Dan klinkt plots een vrouwenstem op; fel, geladen, over-the-top qua dictie. Het gaat over afkeer van messen, van zakmes tot hooivork. Alles waarmee een man kan worden gedood. De groep draait zich om. De stem hoort bij Chris Nietvelt. Ze staat daar met vlammend rood haar, hooggesloten lange zwarte jurk en met een wandelstok. Daarmee dirigeert ze de spelers en geeft ze het ritme aan van de voorstelling. Tiranniek en liefdevol is ze. Zij weet hoe mannen zijn, hoe vrouwen zijn. En juist nu, vlak voor het huwelijk van haar zoon, uit ze haar moederlijke kennis en intuïtie. In een messengevecht heeft ze haar man verloren.

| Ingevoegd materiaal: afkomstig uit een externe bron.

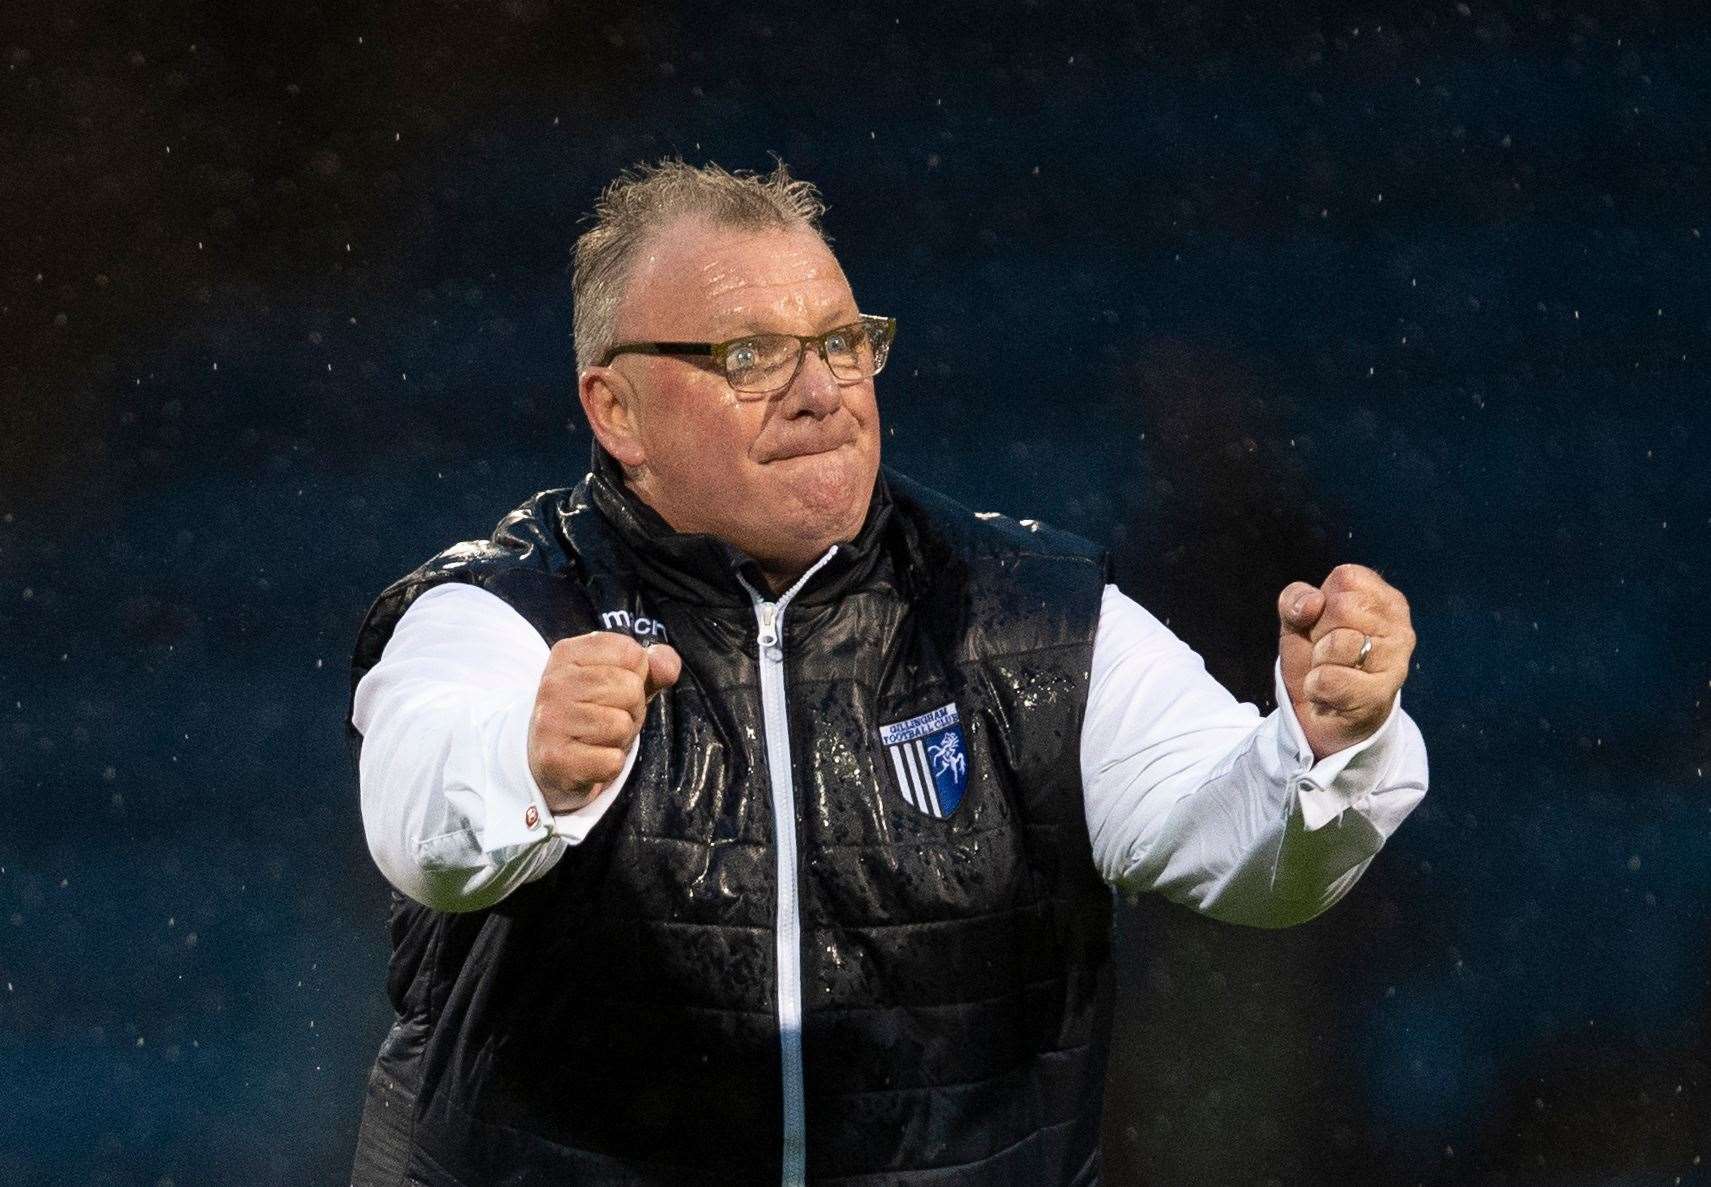 Gillingham boss Steve Evans is determined that his team will be ready for the resumption of league football, whenever that may be

Bloedbruiloft is altijd een stuk voor extreme interpretaties. Het is meer een episch gedicht dan theater. In Van den Berghes visie lijken de personages afkomstig van een grotesk schilderij van Goya met veel zwarte schmink op hun gezicht en bizarre kapsels. Het drama speelt zich niet zozeer tussen de personages af als wel in het hoofd van hen. Moeder Nietvelt wil haar zoon helemaal niet kwijt en keurt de bruid (Lauranne Paulissen) op geringschattende wijze. Bruidegom Robert de Hoog heeft een mooie, licht-laconieke toon van spelen ter geruststelling van zijn furieuze moeder. Prachtig is de ingetogen rol van Dragan Bakema als de grote liefde van de bruid. Peter Bolhuis torst zijn zware lichaam alsof het vol verdriet zit. En Frieda Pittoors als oude meid hunkert naar liefde en vervulling; ze omhult zich met een bruidsjurk alsof het een mannenlichaam is.

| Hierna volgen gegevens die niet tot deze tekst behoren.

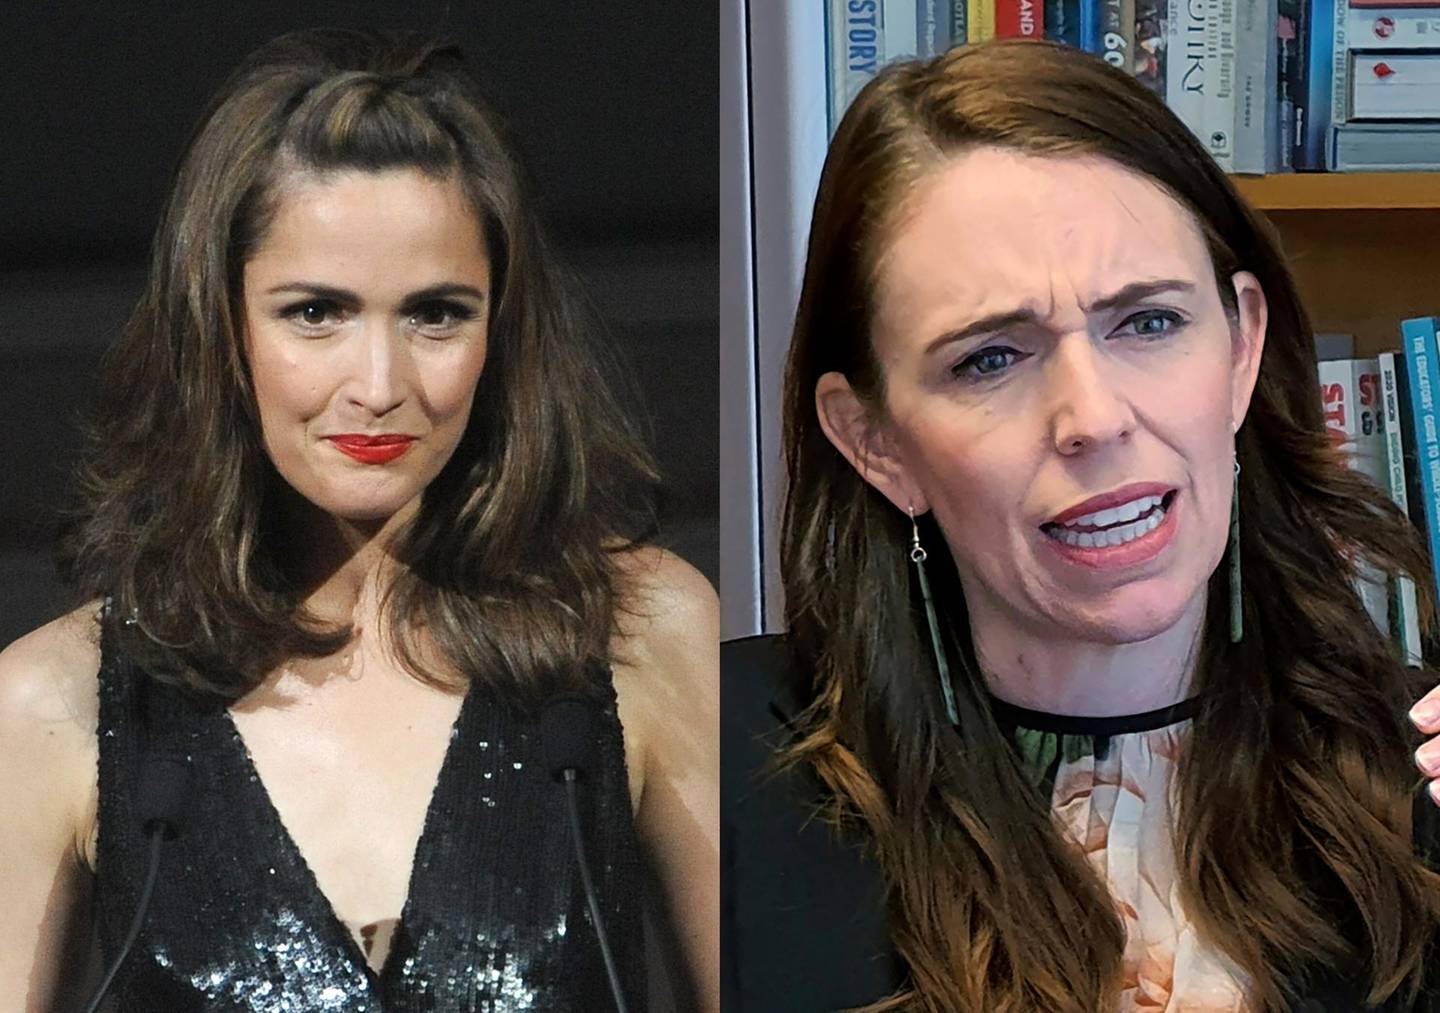 Rose Byrne, left, is set to portray New Zealand Prime Minister in 'They Are Us', a film about the response to the Christchurch mosque attacks. Reuters

Als het huwelijk eenmaal is voltrokken daalt het huis en vormt het een gevangenis, juist zoals Nietvelt dat voorspelde: ‘Een huwelijk is een gezin en muren van drie meter dik tussen jou en de buitenwereld.’ Tijdens het huwelijksfeest gaat de bruid ervandoor, met haar eerste liefde Leonardo. Ze onttrekt zich aan de verstikkende wereld waarin ze terecht zou zijn gekomen. Haar vrijheidsdwang speelt Lauranne Paulissen met een mooie waas van verdriet in haar ogen. Haar tegenspeelster is de vrouw van Leonardo, Laurien Riha. Aan het slot speelt zij een wonderbaarlijke scène: ze balanceert op de rand van licht en schaduw terwijl de stem van een klein kind zingt. Kinderen vormen de ultieme vervulling van het moederschap, maar zij is nu zonder man. Haar wereld stort in.

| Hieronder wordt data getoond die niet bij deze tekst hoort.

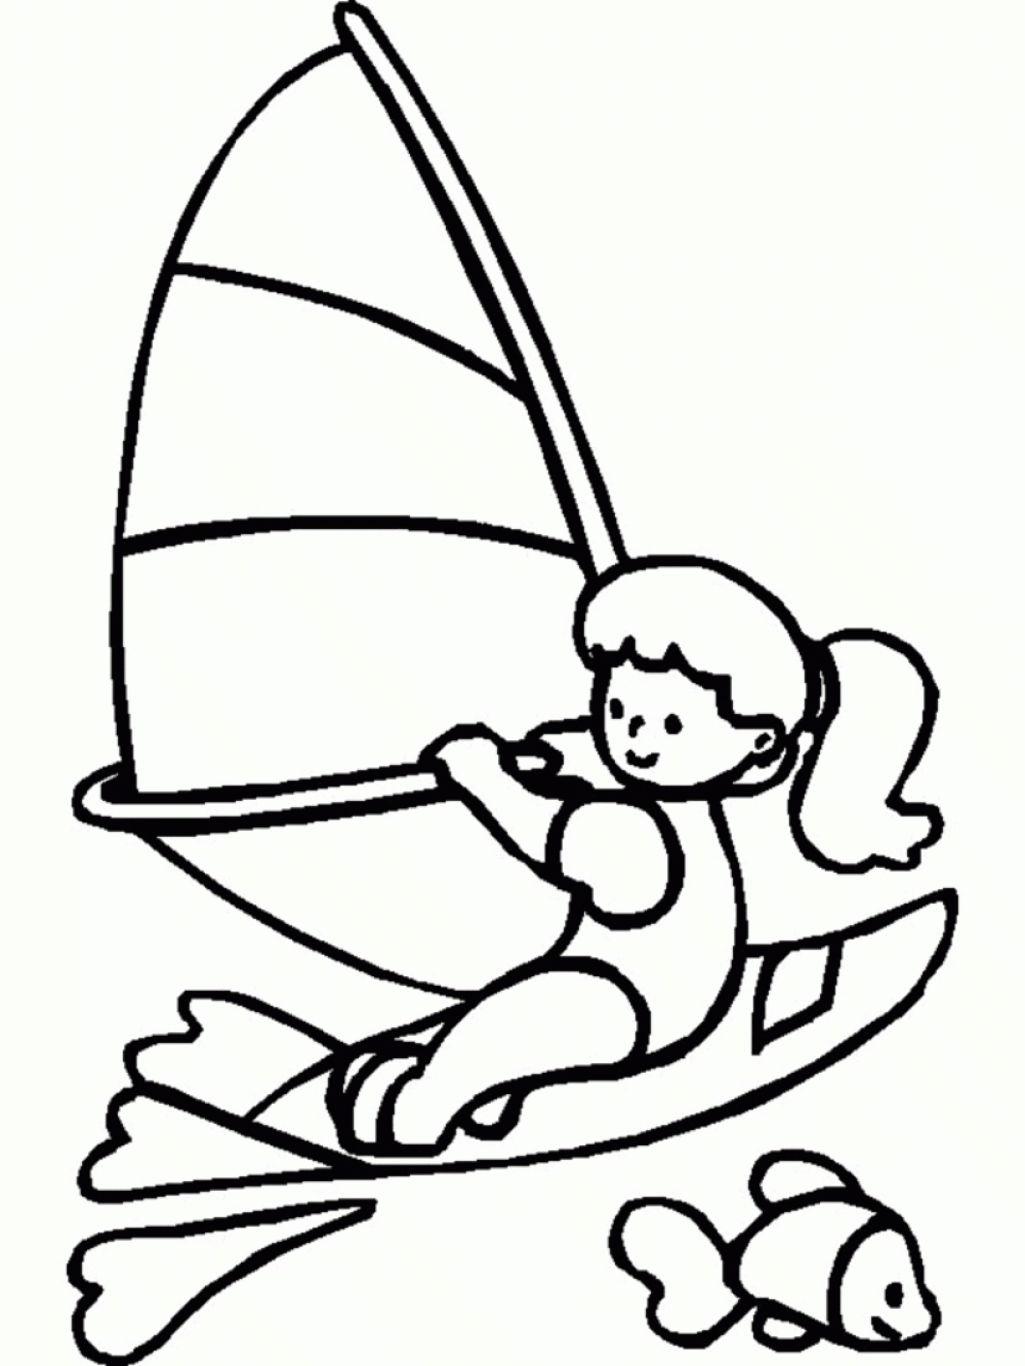 Coloring Pages Of Kids Playing Sports Free Coloring Pages Of ...

Het is ongemeen knap van Van den Berghe dat ze vanuit één gedachte de voorstelling heeft geregisseerd: iedereen is opgesloten in zijn eigen verstikkende wereld van dromen, wanen, fantasieën, angsten. Daarom kiest zij ervoor de acteurs frontaal naar de zaal te laten spelen. Het zijn monoloogfiguren. Bloedbruiloft is een indringende verbeelding van gevangenschap en verlossing. Niet voor niets speelt paardrijden een grote rol in het spel: het paard staat symbool voor die gedroomde vrijheid. Een licht en  humoristisch moment is weggelegd voor Chris Nietvelt die zich rechtstreeks tot de toeschouwers richt en vraagt: ‘Heeft iemand van u een paard, kom nou, we hebben een paard nodig.’Prachtig. Alles klopt in deze voorstelling: het weergaloze decor van André Joosten, de kostuums, kap en grime. Elk detail in perfecte harmonie met het grotere geheel.